**What the task requires:**
Word for word, restate the lines of the data from the first through the one containing "Table III. Adlabatlcally", and nothing else.

**The input:**

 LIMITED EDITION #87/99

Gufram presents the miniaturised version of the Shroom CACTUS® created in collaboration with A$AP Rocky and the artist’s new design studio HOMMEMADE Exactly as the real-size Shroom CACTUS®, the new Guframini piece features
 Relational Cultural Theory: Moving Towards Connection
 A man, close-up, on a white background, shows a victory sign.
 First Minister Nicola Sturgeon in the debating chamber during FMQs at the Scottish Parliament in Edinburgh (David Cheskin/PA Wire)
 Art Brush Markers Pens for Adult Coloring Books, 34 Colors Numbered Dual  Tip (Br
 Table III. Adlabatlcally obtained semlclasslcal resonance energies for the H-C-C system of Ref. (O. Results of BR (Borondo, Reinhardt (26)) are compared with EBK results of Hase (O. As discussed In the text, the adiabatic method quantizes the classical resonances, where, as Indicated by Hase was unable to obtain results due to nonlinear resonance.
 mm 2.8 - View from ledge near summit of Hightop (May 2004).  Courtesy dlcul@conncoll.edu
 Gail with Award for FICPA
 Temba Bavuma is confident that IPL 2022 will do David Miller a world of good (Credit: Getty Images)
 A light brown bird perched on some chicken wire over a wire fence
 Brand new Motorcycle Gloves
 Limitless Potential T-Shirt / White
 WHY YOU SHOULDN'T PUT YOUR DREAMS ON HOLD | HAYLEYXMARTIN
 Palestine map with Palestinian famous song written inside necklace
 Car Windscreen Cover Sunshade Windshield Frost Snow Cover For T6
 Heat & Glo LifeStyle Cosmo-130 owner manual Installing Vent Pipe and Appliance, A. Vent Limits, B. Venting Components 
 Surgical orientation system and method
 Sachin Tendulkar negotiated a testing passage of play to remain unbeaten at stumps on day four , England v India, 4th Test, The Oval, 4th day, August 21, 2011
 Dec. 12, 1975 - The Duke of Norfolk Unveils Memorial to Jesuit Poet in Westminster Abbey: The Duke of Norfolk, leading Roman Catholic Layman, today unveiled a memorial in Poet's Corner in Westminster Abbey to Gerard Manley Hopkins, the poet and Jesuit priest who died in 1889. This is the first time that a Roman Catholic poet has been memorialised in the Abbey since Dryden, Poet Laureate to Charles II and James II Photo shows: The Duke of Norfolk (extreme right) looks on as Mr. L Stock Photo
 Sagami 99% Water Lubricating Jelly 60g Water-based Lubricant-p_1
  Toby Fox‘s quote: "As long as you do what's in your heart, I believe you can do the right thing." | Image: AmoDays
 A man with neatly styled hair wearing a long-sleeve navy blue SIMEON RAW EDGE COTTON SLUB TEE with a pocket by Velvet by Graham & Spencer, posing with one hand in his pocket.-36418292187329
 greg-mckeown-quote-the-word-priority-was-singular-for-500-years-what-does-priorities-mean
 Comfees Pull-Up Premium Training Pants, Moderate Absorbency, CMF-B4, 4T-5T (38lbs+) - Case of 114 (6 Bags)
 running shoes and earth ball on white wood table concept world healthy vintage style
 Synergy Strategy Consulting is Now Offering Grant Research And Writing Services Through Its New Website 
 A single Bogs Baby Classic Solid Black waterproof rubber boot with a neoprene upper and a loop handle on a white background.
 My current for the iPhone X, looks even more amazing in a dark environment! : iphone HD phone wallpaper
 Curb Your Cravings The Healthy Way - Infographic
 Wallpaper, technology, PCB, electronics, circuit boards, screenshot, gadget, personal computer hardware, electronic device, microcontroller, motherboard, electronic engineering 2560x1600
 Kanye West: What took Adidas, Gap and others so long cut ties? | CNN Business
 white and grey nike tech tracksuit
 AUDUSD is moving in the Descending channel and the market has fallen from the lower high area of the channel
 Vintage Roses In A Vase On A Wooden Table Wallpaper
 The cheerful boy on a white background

**Response:**
 LIMITED EDITION #87/99

Gufram presents the miniaturised version of the Shroom CACTUS® created in collaboration with A$AP Rocky and the artist’s new design studio HOMMEMADE Exactly as the real-size Shroom CACTUS®, the new Guframini piece features
 Relational Cultural Theory: Moving Towards Connection
 A man, close-up, on a white background, shows a victory sign.
 First Minister Nicola Sturgeon in the debating chamber during FMQs at the Scottish Parliament in Edinburgh (David Cheskin/PA Wire)
 Art Brush Markers Pens for Adult Coloring Books, 34 Colors Numbered Dual  Tip (Br
 Table III. Adlabatlcally obtained semlclasslcal resonance energies for the H-C-C system of Ref. (O. Results of BR (Borondo, Reinhardt (26)) are compared with EBK results of Hase (O. As discussed In the text, the adiabatic method quantizes the classical resonances, where, as Indicated by Hase was unable to obtain results due to nonlinear resonance.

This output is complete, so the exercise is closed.